In that sense, RunForOffice.org is more than a little self-interested. The more people there are running for office, the more potential customers there are for NationBuilder—especially when there are links to NationBuilder right on the RunForOffice.org site and the community strategists work for NationBuilder.
NationBuilder is targeted at small, local campaigns like Elliot’s, even if it’s also used by massive political machines like the U.K.’s Labor Party. The service starts at $29/month, and scales up depending on the number people a campaign wants to track.
If Elliot, for example, wants to use NationBuilder as a soup-to-nuts solution for her candidacy, Gilliam suggests she could do something like start a petition on an issue about which she is passionate—restoring funding to the animal shelter—and then tap into that support base of signatories for volunteers to knock on doors and donations to pay for yard signs during the campaign. All of that, from mapping the walking route for volunteers to keeping track of donations, can be handled through NationBuilder.

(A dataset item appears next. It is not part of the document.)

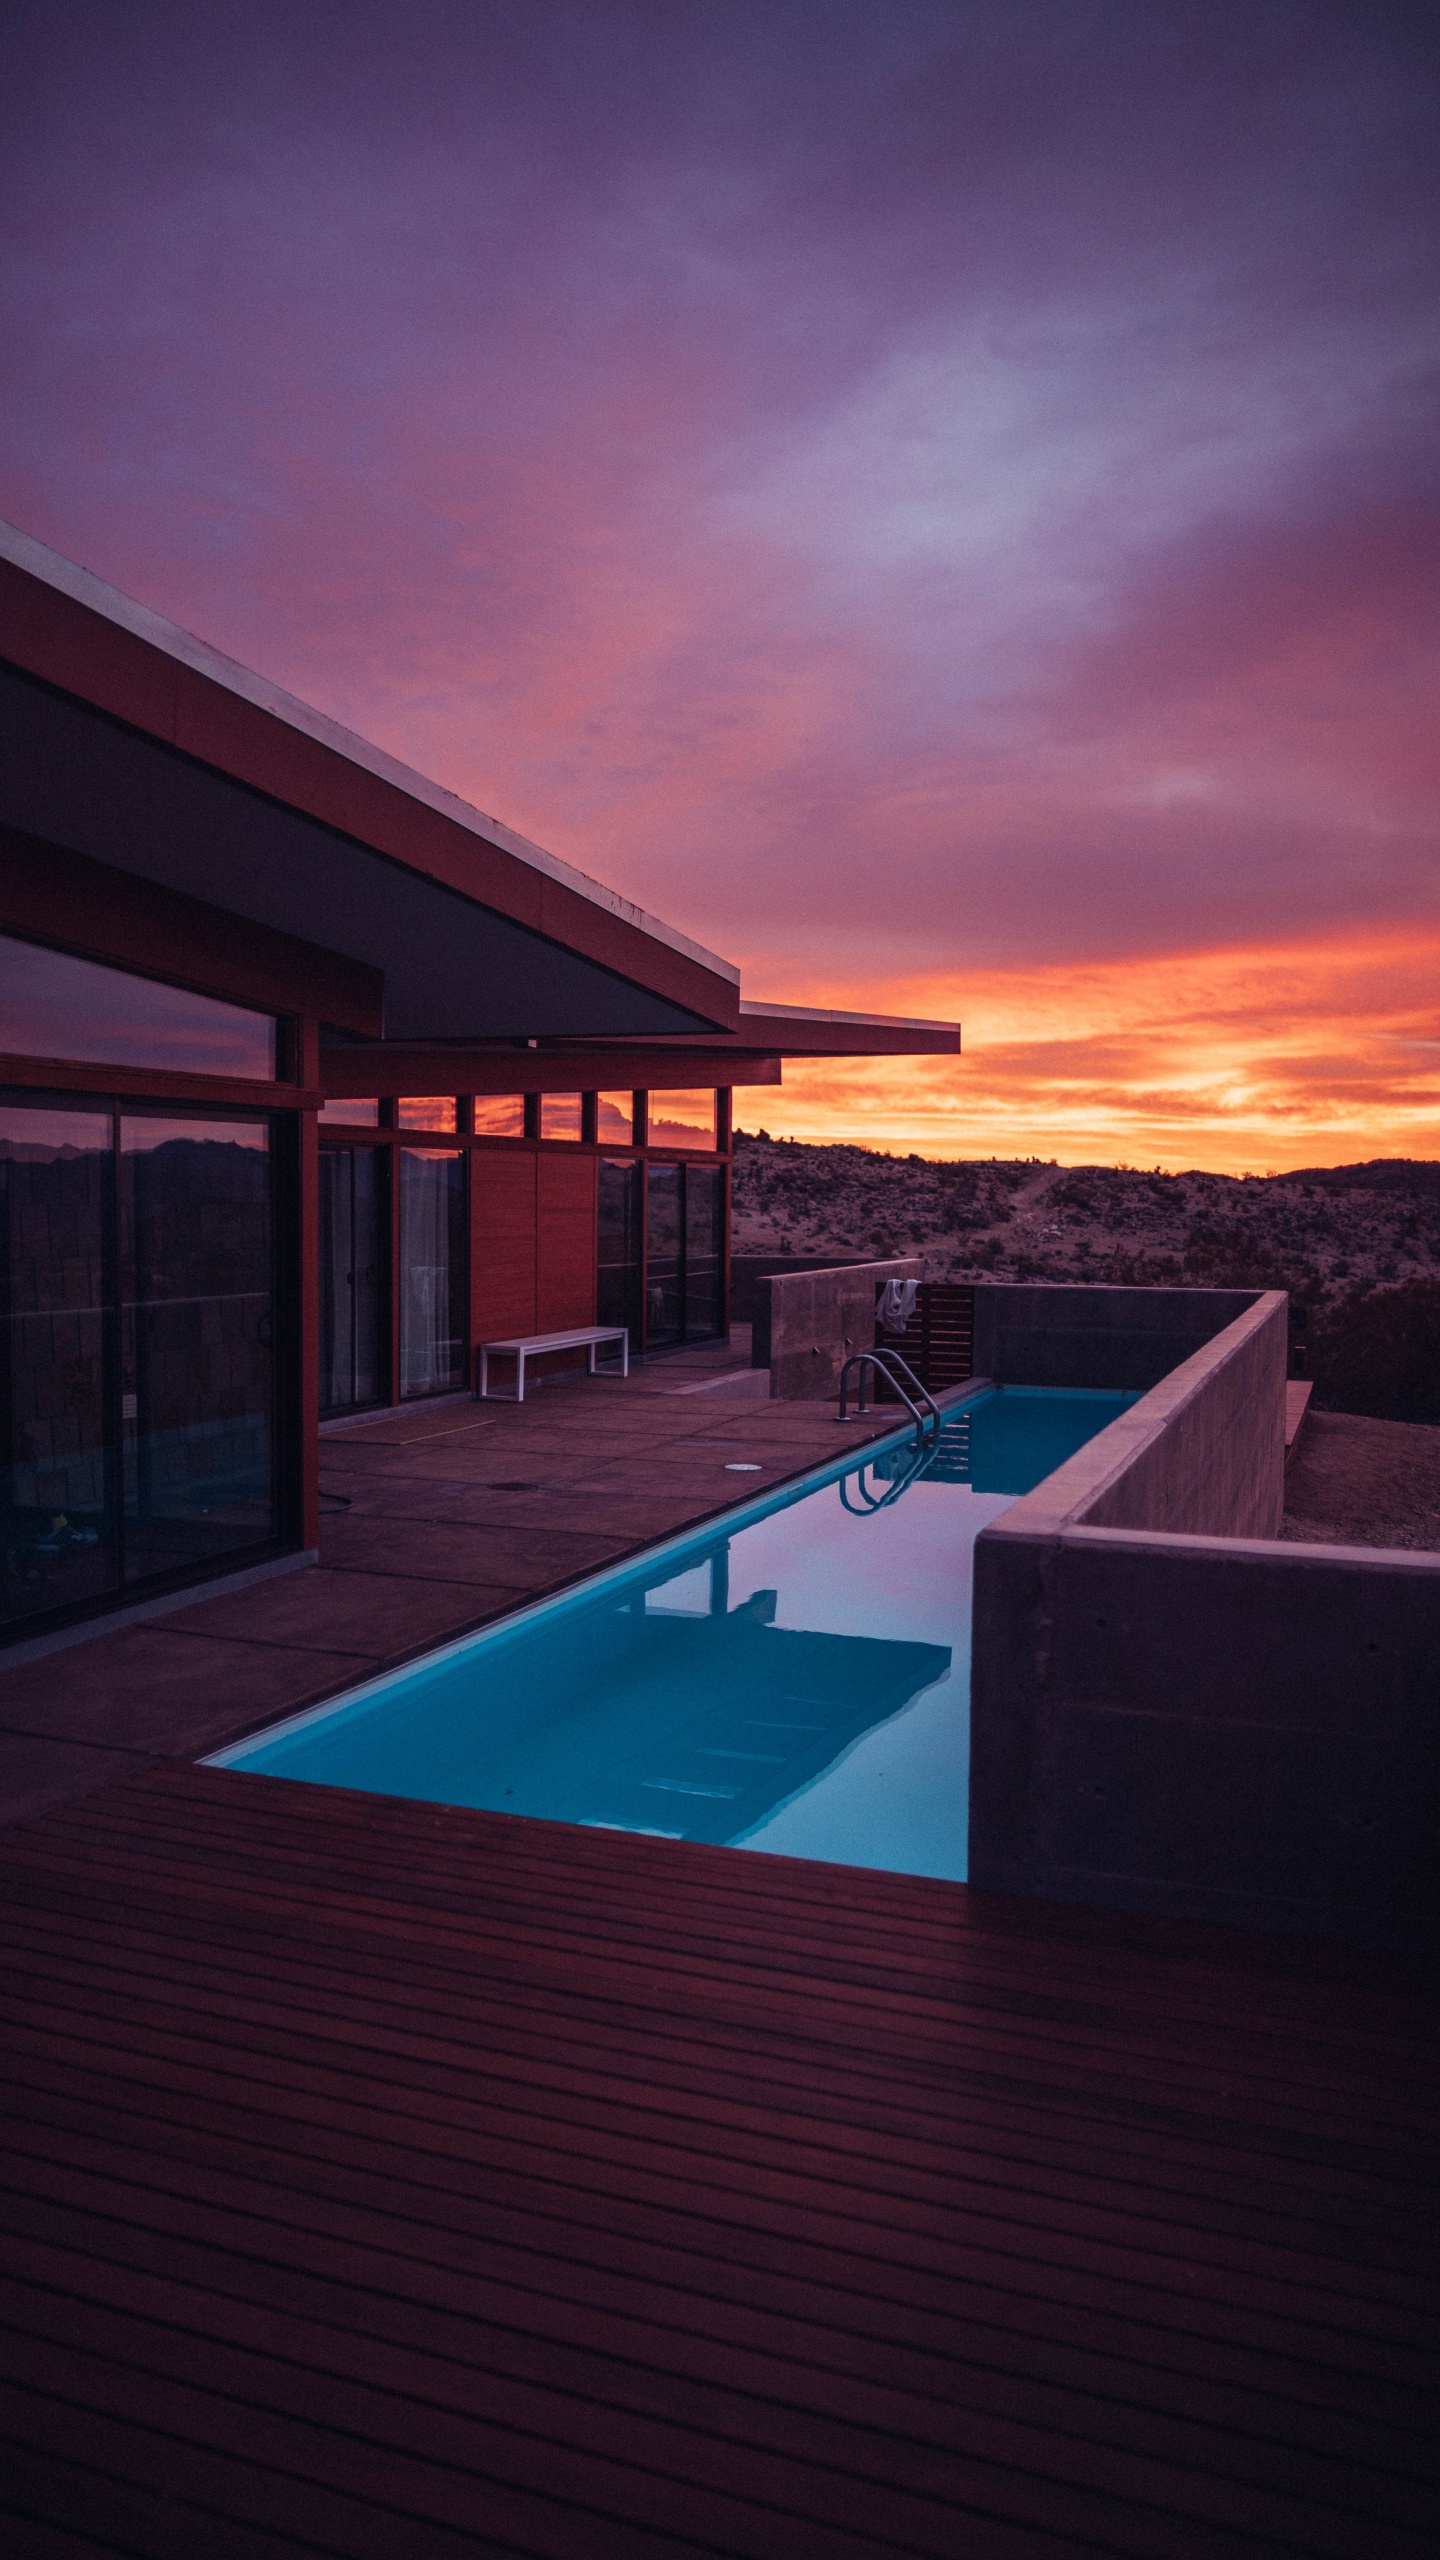 Swimming Pool Near Brown Wooden House During Sunset. Wallpaper in 1440x2560 Resolution

There’s a bevy of similar campaign data management services—the NGP VAN system that’s closely associated with the Democratic party being the highest profile. Gilliam’s goal is to have NationBuilder leverage the obvious utility of RunForOffice.org to become the go-to service for political upstarts like Elliot.

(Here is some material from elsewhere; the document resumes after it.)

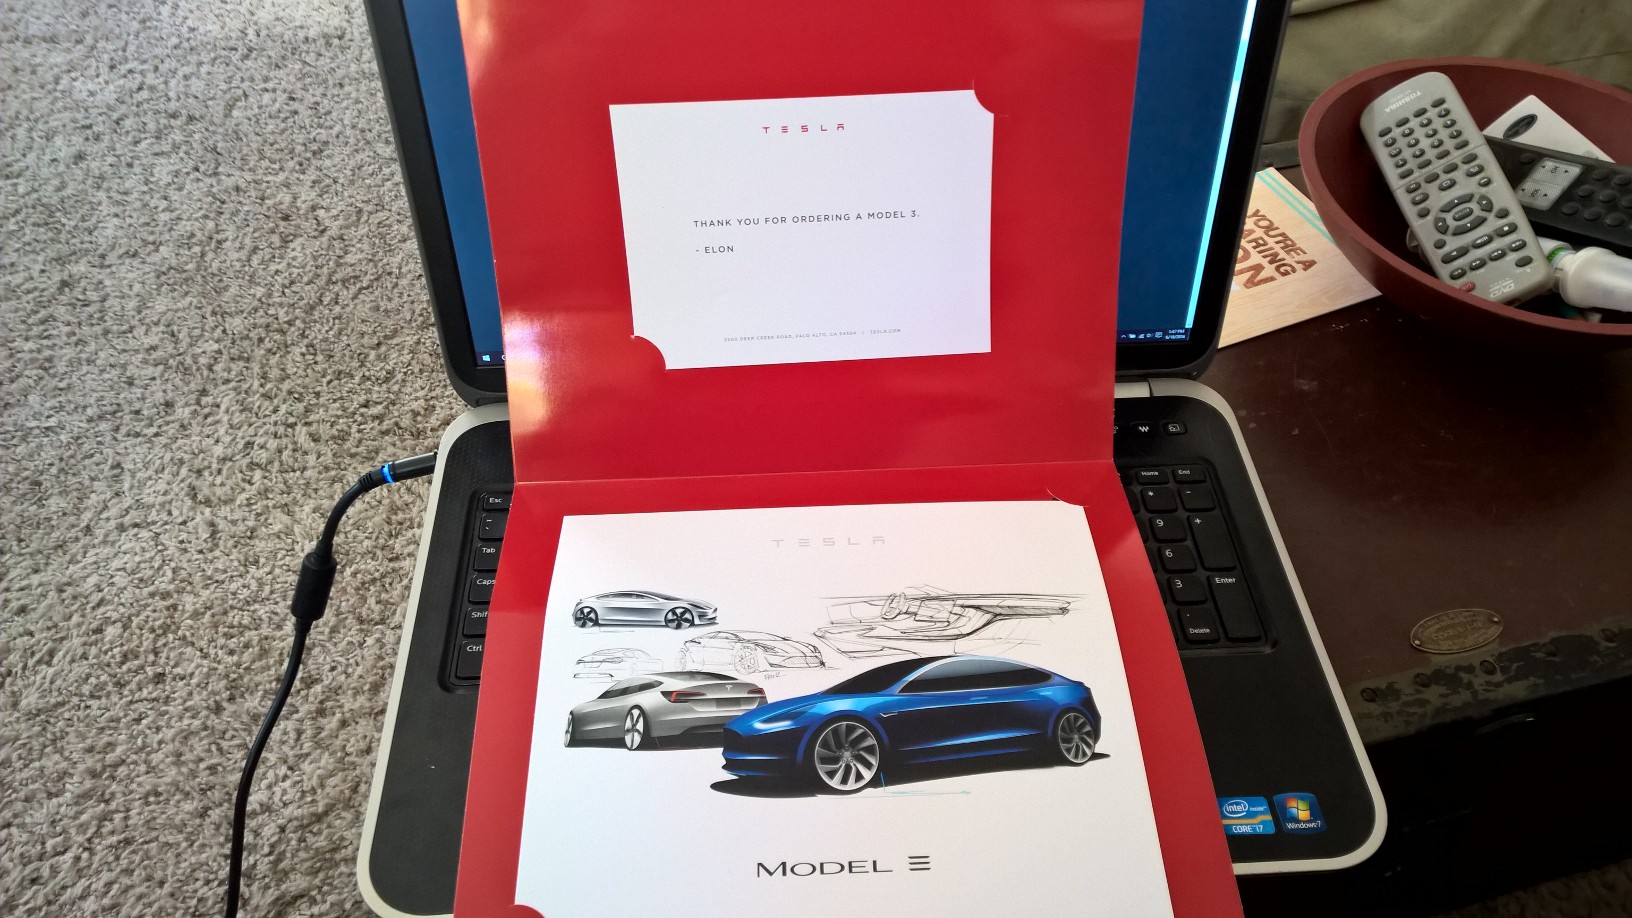 model 3 thank you gift
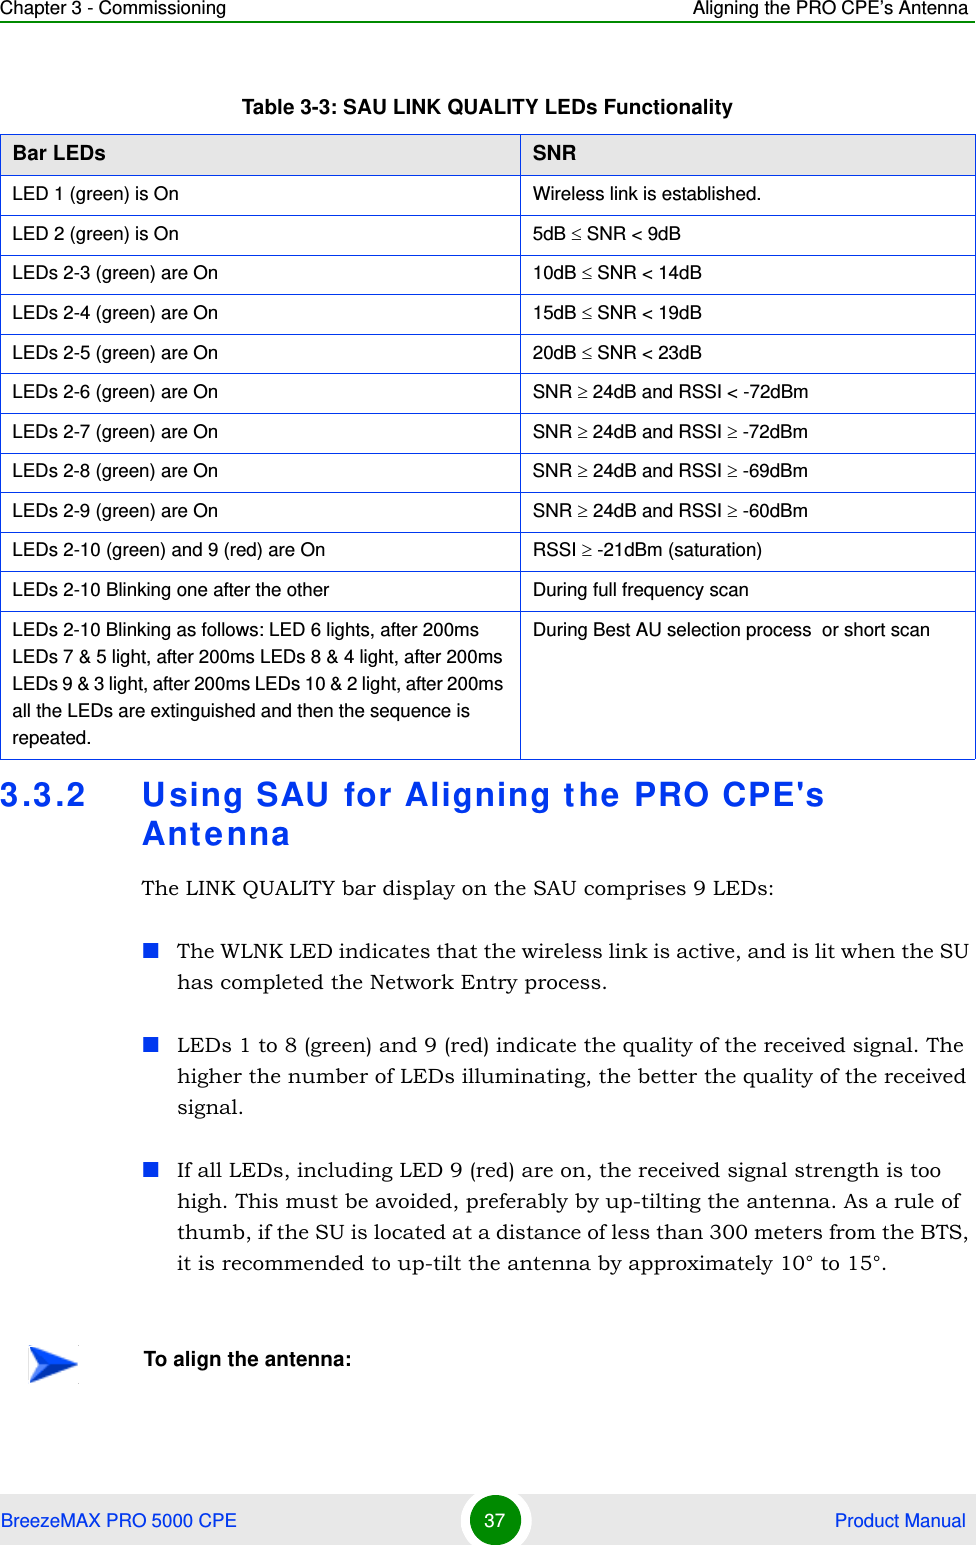 Chapter 3 - Commissioning Aligning the PRO CPE’s AntennaBreezeMAX PRO 5000 CPE 37  Product Manual3.3.2 Using SAU for Aligning the PRO CPE&apos;s AntennaThe LINK QUALITY bar display on the SAU comprises 9 LEDs:The WLNK LED indicates that the wireless link is active, and is lit when the SU has completed the Network Entry process. LEDs 1 to 8 (green) and 9 (red) indicate the quality of the received signal. The higher the number of LEDs illuminating, the better the quality of the received signal.If all LEDs, including LED 9 (red) are on, the received signal strength is too high. This must be avoided, preferably by up-tilting the antenna. As a rule of thumb, if the SU is located at a distance of less than 300 meters from the BTS, it is recommended to up-tilt the antenna by approximately 10° to 15°.Table 3-3: SAU LINK QUALITY LEDs FunctionalityBar LEDs SNRLED 1 (green) is On Wireless link is established.LED 2 (green) is On 5dB  SNR &lt; 9dBLEDs 2-3 (green) are On 10dB  SNR &lt; 14dBLEDs 2-4 (green) are On 15dB  SNR &lt; 19dBLEDs 2-5 (green) are On 20dB  SNR &lt; 23dBLEDs 2-6 (green) are On SNR  24dB and RSSI &lt; -72dBmLEDs 2-7 (green) are On SNR  24dB and RSSI  -72dBmLEDs 2-8 (green) are On SNR  24dB and RSSI  -69dBm LEDs 2-9 (green) are On SNR  24dB and RSSI  -60dBm LEDs 2-10 (green) and 9 (red) are On RSSI  -21dBm (saturation)LEDs 2-10 Blinking one after the other During full frequency scanLEDs 2-10 Blinking as follows: LED 6 lights, after 200ms LEDs 7 &amp; 5 light, after 200ms LEDs 8 &amp; 4 light, after 200ms LEDs 9 &amp; 3 light, after 200ms LEDs 10 &amp; 2 light, after 200ms all the LEDs are extinguished and then the sequence is repeated. During Best AU selection process  or short scanTo align the antenna:

It’s also something that Gilliam hopes will become self-sustaining in future election cycles. “This is meant to go way beyond the 2016 election,” he said. “The 2016 election is just a really great opportunity for us to recruit volunteers to really help because politics is really on everyone’s mind, but local politics happens constantly all the time. There will be a bunch of elections in March, a bunch of elections in May of next year all over the place.”
Gilliam envisions a future where municipalities post all their elected offices on RunForOffice.org, much like employers put their available job postings on career sites like LinkedIn or Monster.com, “because that’s how they can get their information out in an effective way.”
For Gilliam, the power of communities to organize online has a special resonance. When Gilliam needed a double lung transplant, a community of people came together to pay for the expensive procedure. “I’m literally alive because of communities and organizing,” he explained. “I wanted to figure out how to make it possible for everyone to create what they’re meant to create in the world.”
No one gets elected in a vacuum. Political campaigns are, at their core, exercises in organization. With RunForOffice.org, Gilliam believes he can streamline the process. “The internet creates unprecedented opportunity to [make a difference],” he said, “but you’ve got to be able to organize to make that happen.”